(DATA begins)

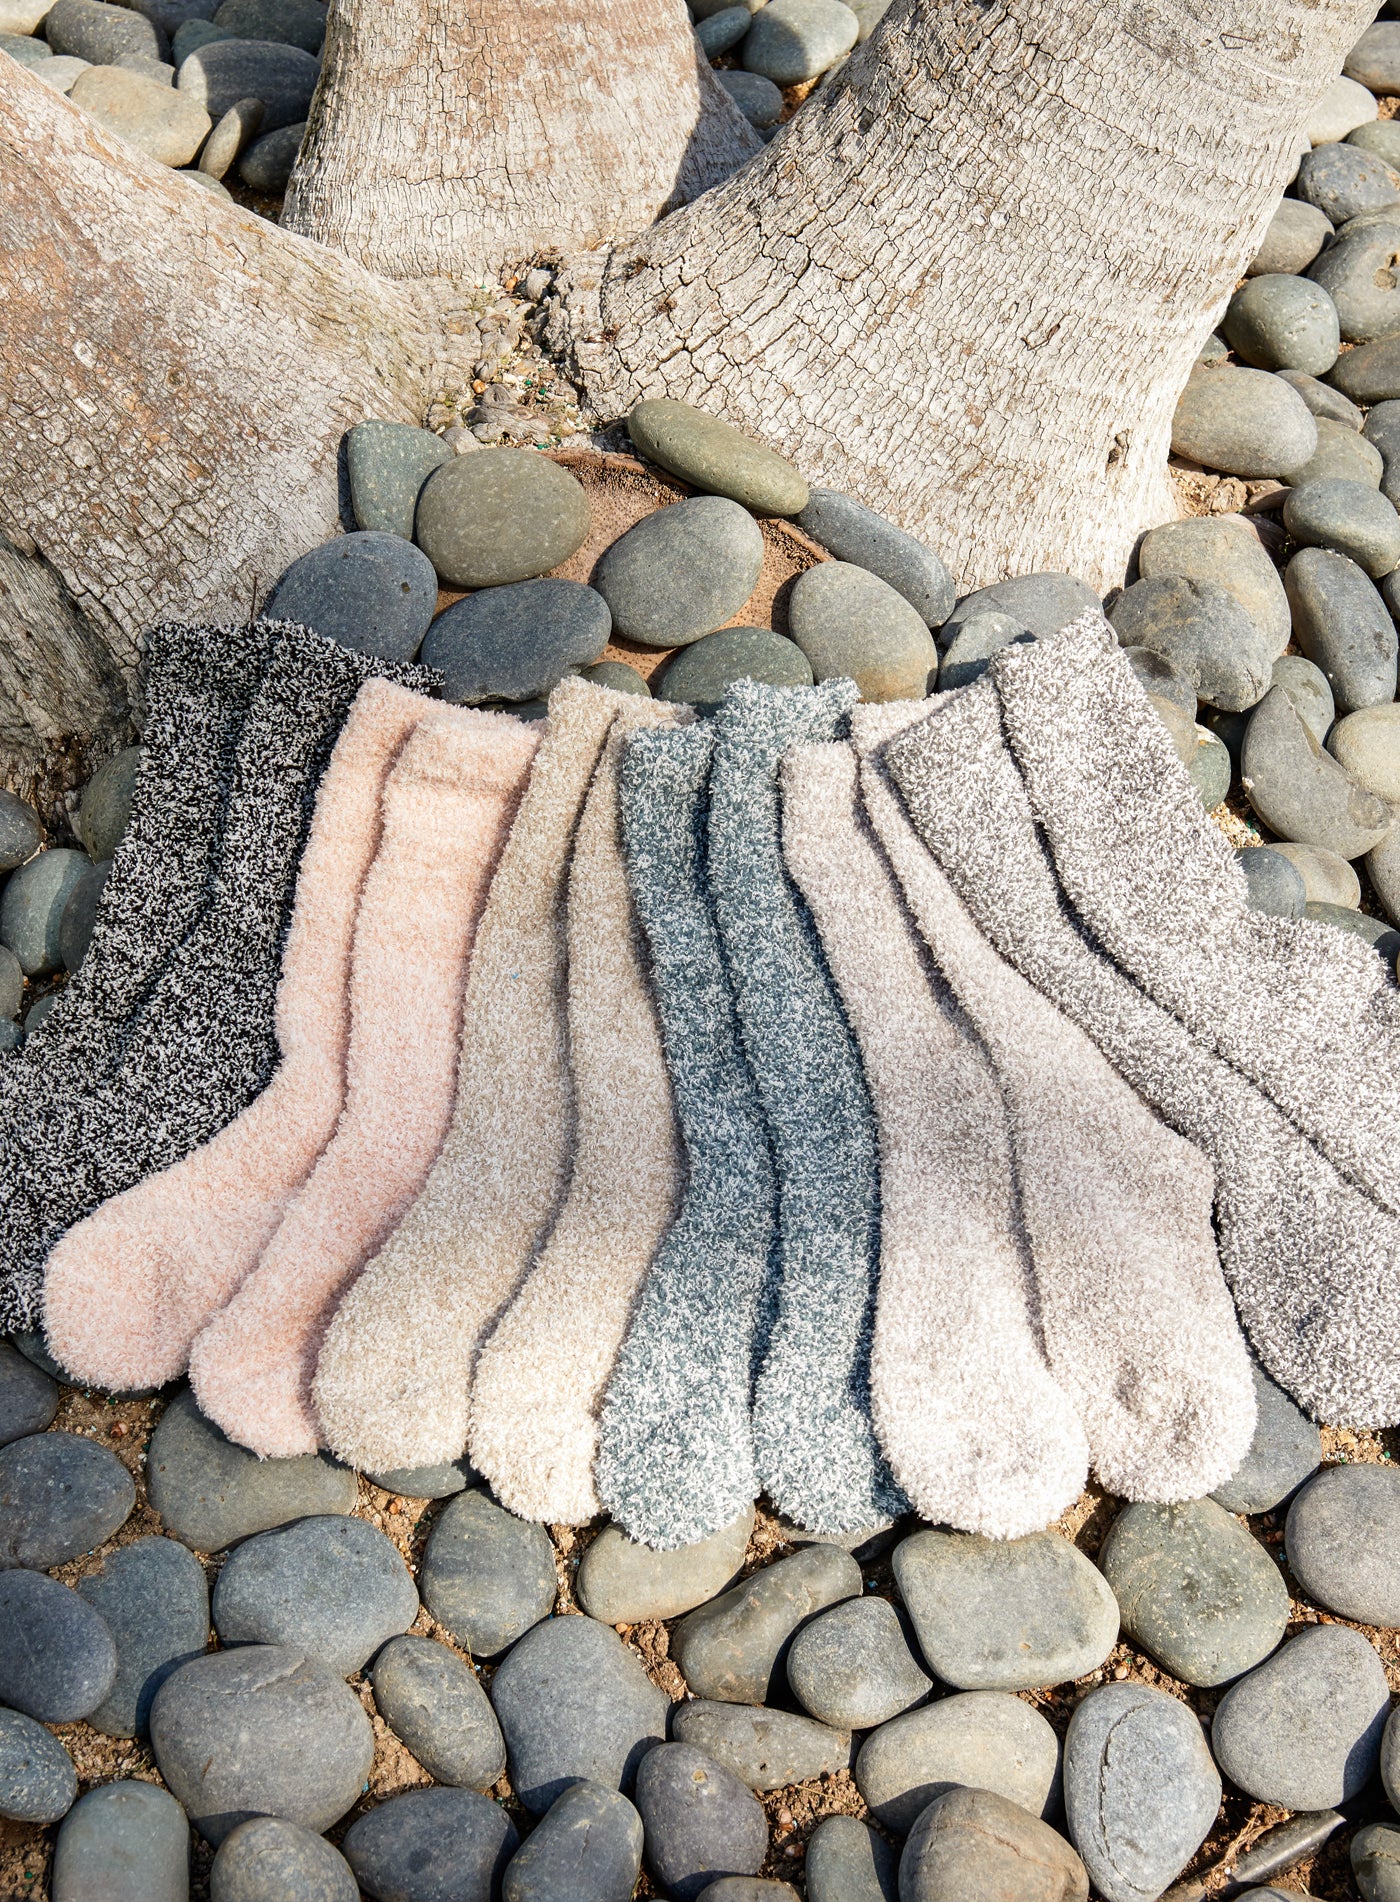 Cozychic Ombre Socks By Barefoot Dreams – Bella Vita Gifts & Interiors
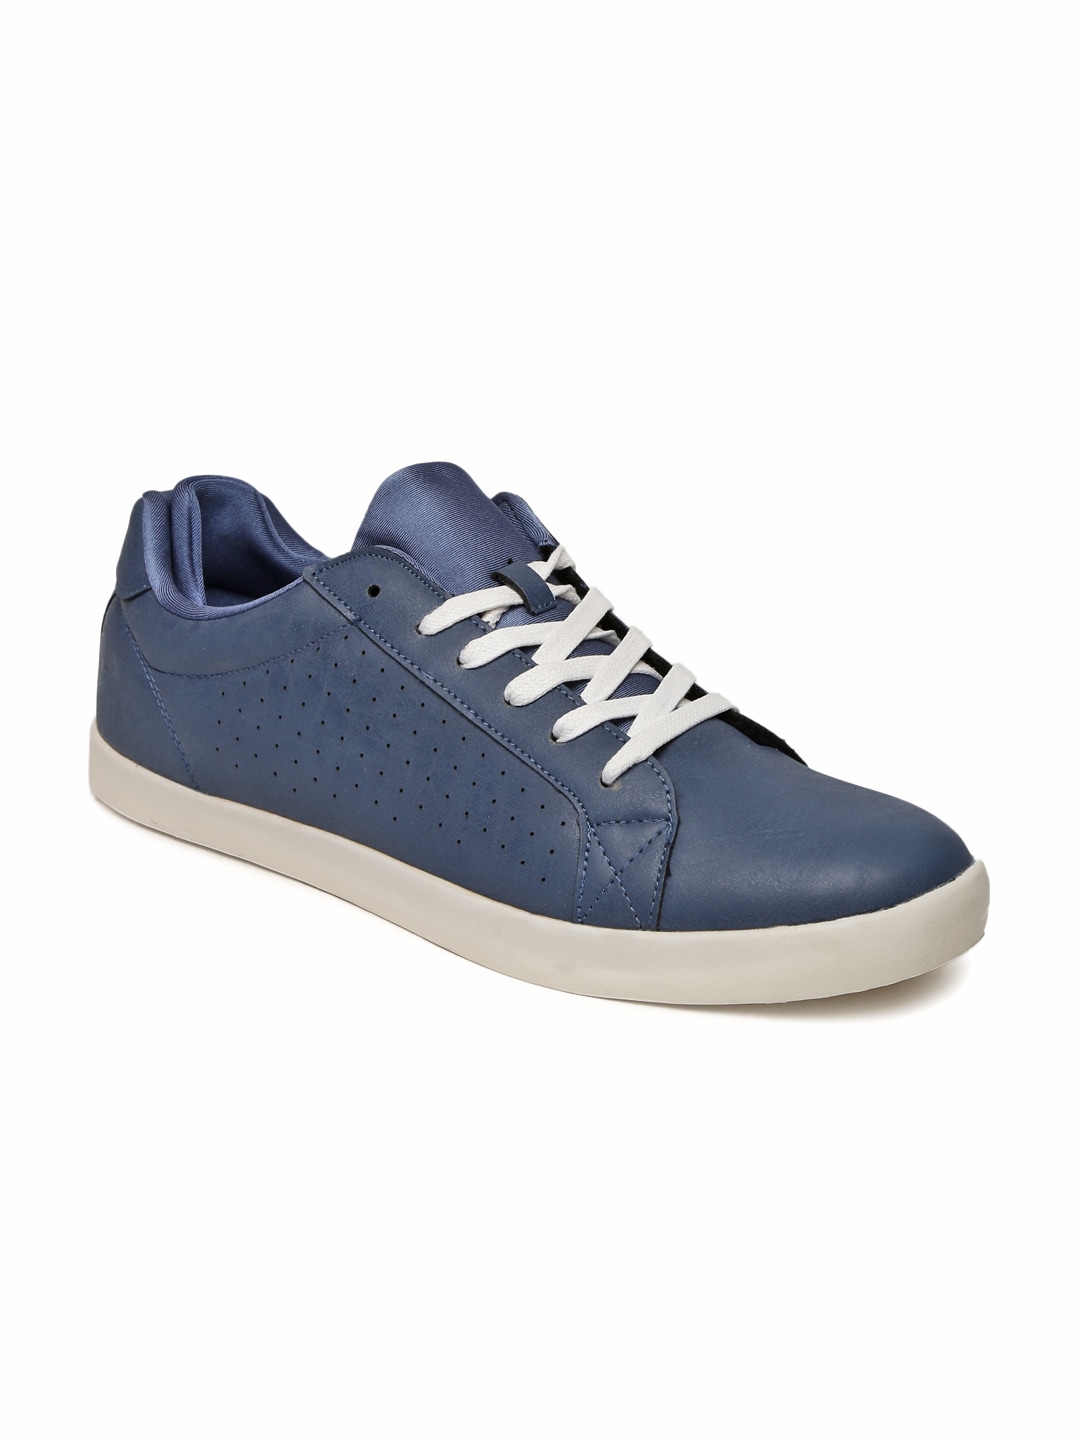 Buy FORCA by Lifestyle Men Blue Synthetic Solid Shoes at Amazon.in
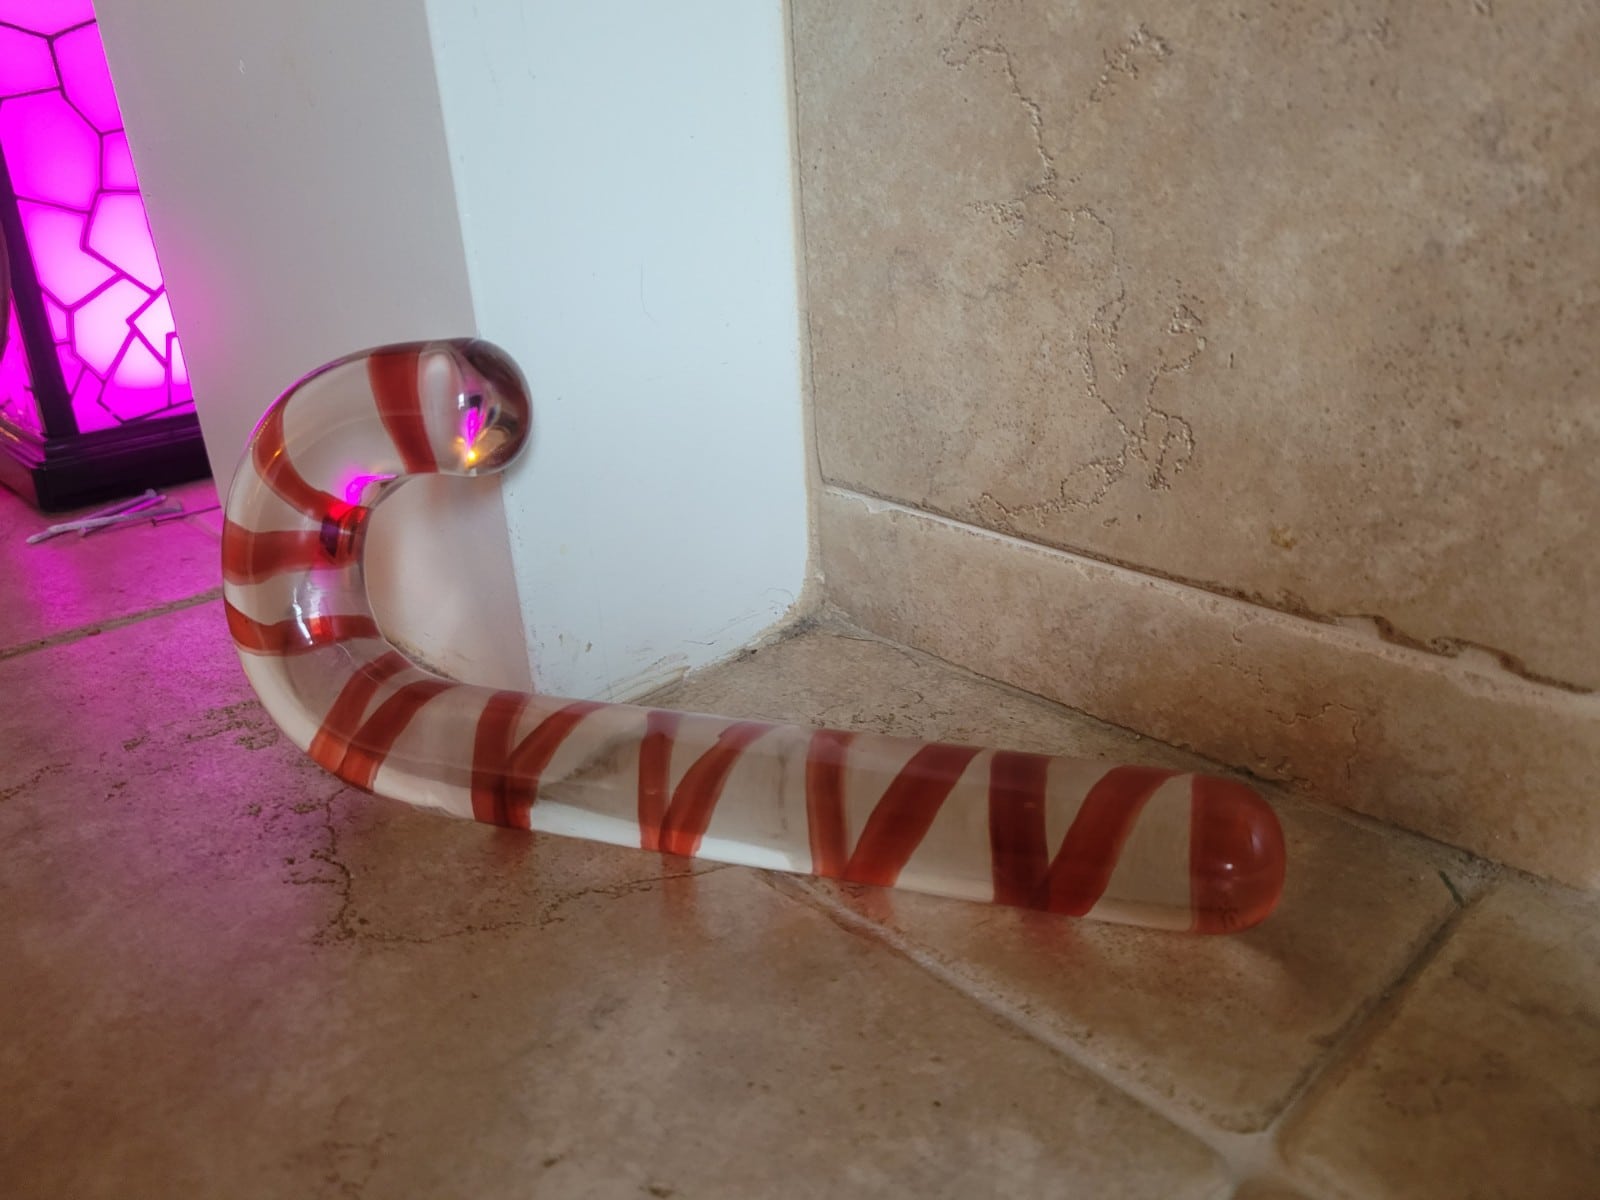 Icicles No. 59 Candy Cane Dildo Standout Quality or Shortcomings?

(DATA ends)

Only the pictures are to be dropped; the rest of the material above must be duplicated exactly.

# EXERCISE RESPONSE
 Cozychic Ombre Socks By Barefoot Dreams – Bella Vita Gifts & Interiors
 Buy FORCA by Lifestyle Men Blue Synthetic Solid Shoes at Amazon.in
 Icicles No. 59 Candy Cane Dildo Standout Quality or Shortcomings?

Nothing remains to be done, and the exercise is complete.